Regression Analysis: Height versus HandSpan
Analysis of Variance
Source | DF | Adj SS | Adj MS | F-Value | P-Value |
---|---|---|---|---|---|
Regression | 1 | 1500.06 | 1500.06 | 199.17 | 0.000 |
HandSpan | 1 | 1500.06 | 1500.06 | 199.17 | 0.000 |
Error | 165 | 1242.70 | 7.53 | ||
Lack-of-Fit | 17 | 96.24 | 5.66 | 0.73 | 0.767 |
Pure Error | 148 | 1146.46 | 7.75 | ||
Total | 166 | 2742.76 |
Model Summary
S | R-sq | R-sq(adj) | R-sq(pred) |
---|---|---|---|
2.74436 | 54.69% | 54.42% | 53.76% |
Coefficients
Predictor | Coef | SE Coef | T-Value | P-Value | VIF |
---|---|---|---|---|---|
Constant | 35.53 | 2.32 | 15.34 | 0.000 | |
HandSpan | 1.560 | 0.111 | 14.11 | 0.000 | 1.00 |
Regression Equation
Height = 35.53 + 1.560 HandSpan
Note! Some things to note are:
- The residual standard deviation S is 2.744 and this estimates the standard deviation of the errors.
- \(r^2\) = (SSTO-SSE) / SSTO = SSR / (SSR+SSE) = 1500.1 / (1500.1+1242.7) = 1500.1 / 2742.8 = 0.547 or 54.7%. The interpretation is that handspan differences explain 54.7% of the variation in heights.
- The value of the F statistic is F = 199.2 with 1 and 165 degrees of freedom, and the p-value for this F statistic is 0.000. Thus we reject the null hypothesis \(H_{0} \colon \beta_{1}\) = 0 in favor of \(H_A\colon\beta_1\neq 0\). In other words, the observed relationship is statistically significant.

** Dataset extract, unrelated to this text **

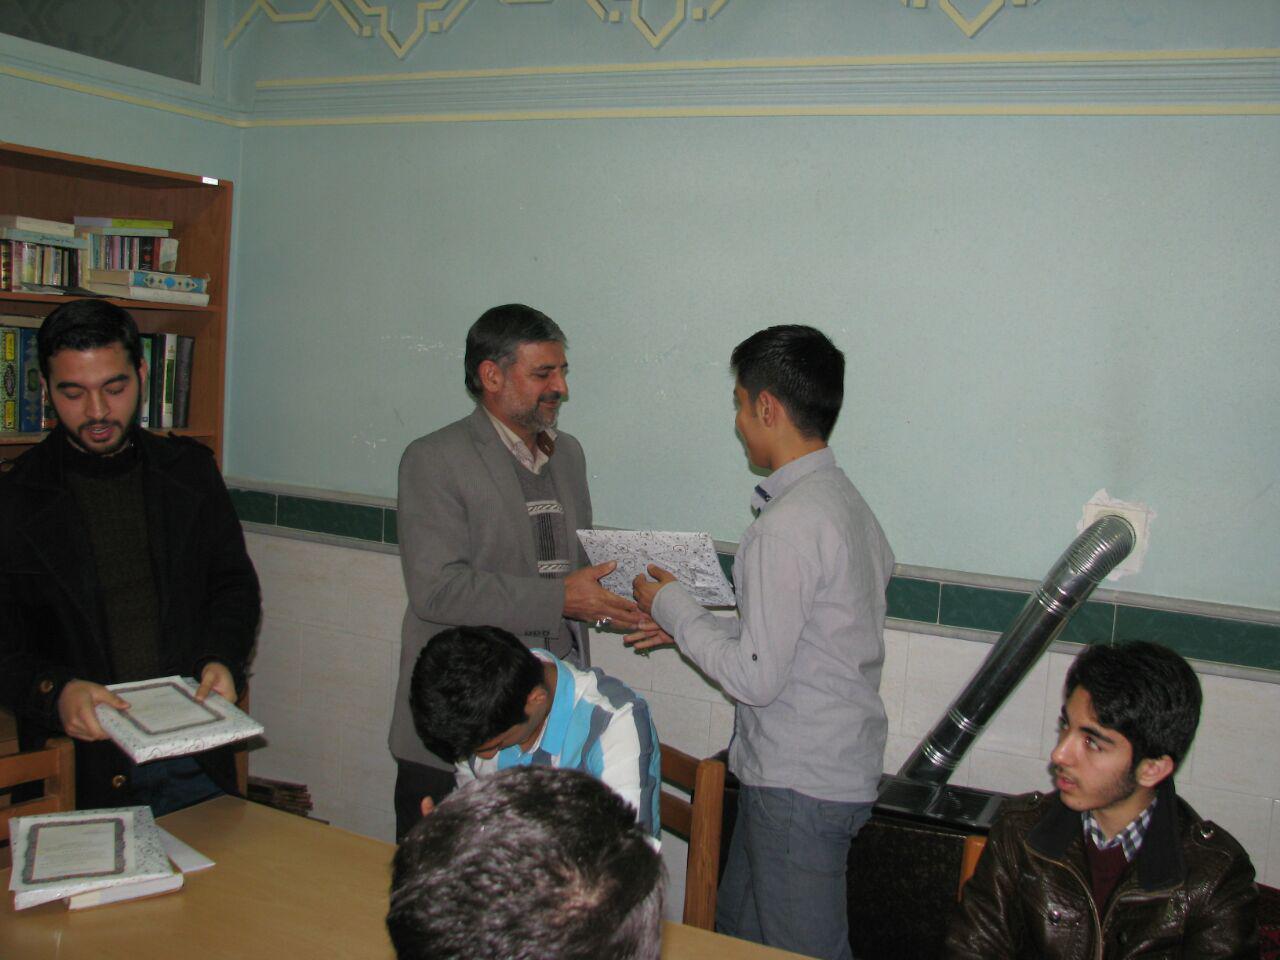 جلسه شورای دانش اموزی دارلقرآن مهدیشهر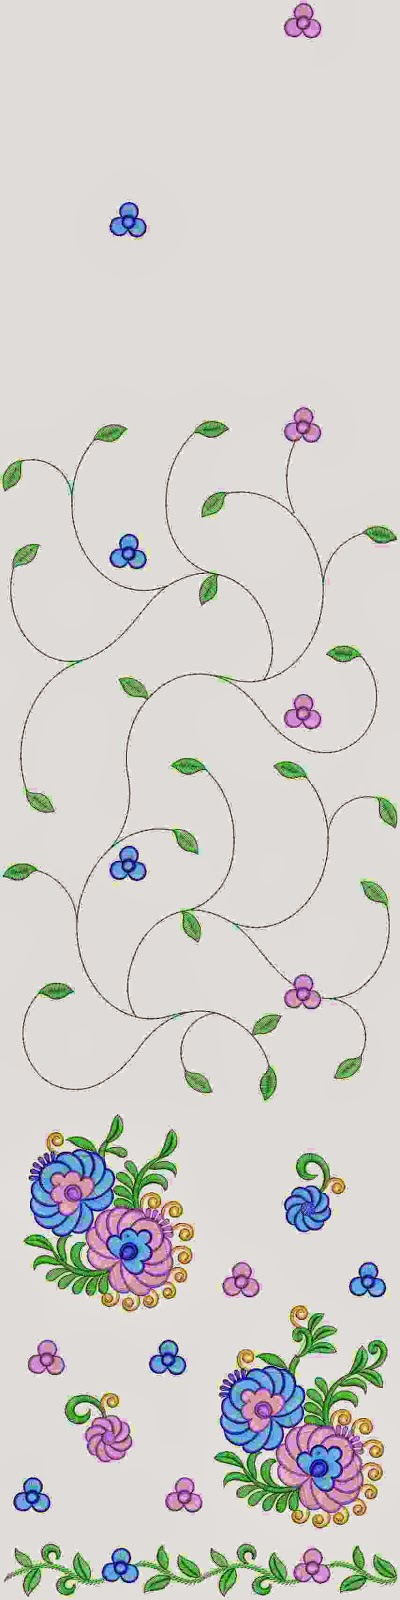 blomme Applique meng Multi Sari ontwerp

Example 2-7: Quality Data Section
You are a manufacturer who wants to obtain a quality measure on a product, but the procedure to obtain the measure is expensive. There is an indirect approach, which uses a different product score (Score 1) in place of the actual quality measure (Score 2). This approach is less costly but also is less precise. You can use regression to see if Score 1 explains a significant amount of the variance in Score 2 to determine if Score 1 is an acceptable substitute for Score 2. The results from a simple linear regression analysis are given below:
Regression Analysis: Score2 versus Score1
Analysis of Variance
Source | DF | Adj SS | Adj MS | F-Value | P-Value |
---|---|---|---|---|---|
Regression | 1 | 2.5419 | 2.5419 | 156.56 | 0.000 |
Residual Error | 7 | 0.1136 | 0.0162 | ||
Total | 8 | 2.6556 |
Model Summary
S | R-sq | R-sq(adj) |
---|---|---|
0.127419 | 95.7% | 95.1% |
Coefficients
Predictor | Coef | SE Coef | T-Value | P-Value |
---|---|---|---|---|
Constant | 1.1177 | 0.1093 | 10.23 | 0.000 |
WAge | 0.21767 | 0.01740 | 12.51 | 0.000 |
Regression Equation
Score2 = 1.12 + 0.218 Score1
We are concerned in testing the null hypothesis that Score 1 is not a significant predictor of Score 2 versus the alternative that Score 1 is a significant predictor of Score 2. More formally, we are testing:
\(H_{0} \colon\beta_{1}\) = 0
\(H_{A} \colon \beta_{1}\) ≠ 0
The p-value in the ANOVA table (0.000), indicates that the relationship between Score 1 and Score 2 is statistically significant at an α-level of 0.05. This is also shown by the p-value for the estimated coefficient of Score 1, which is 0.000.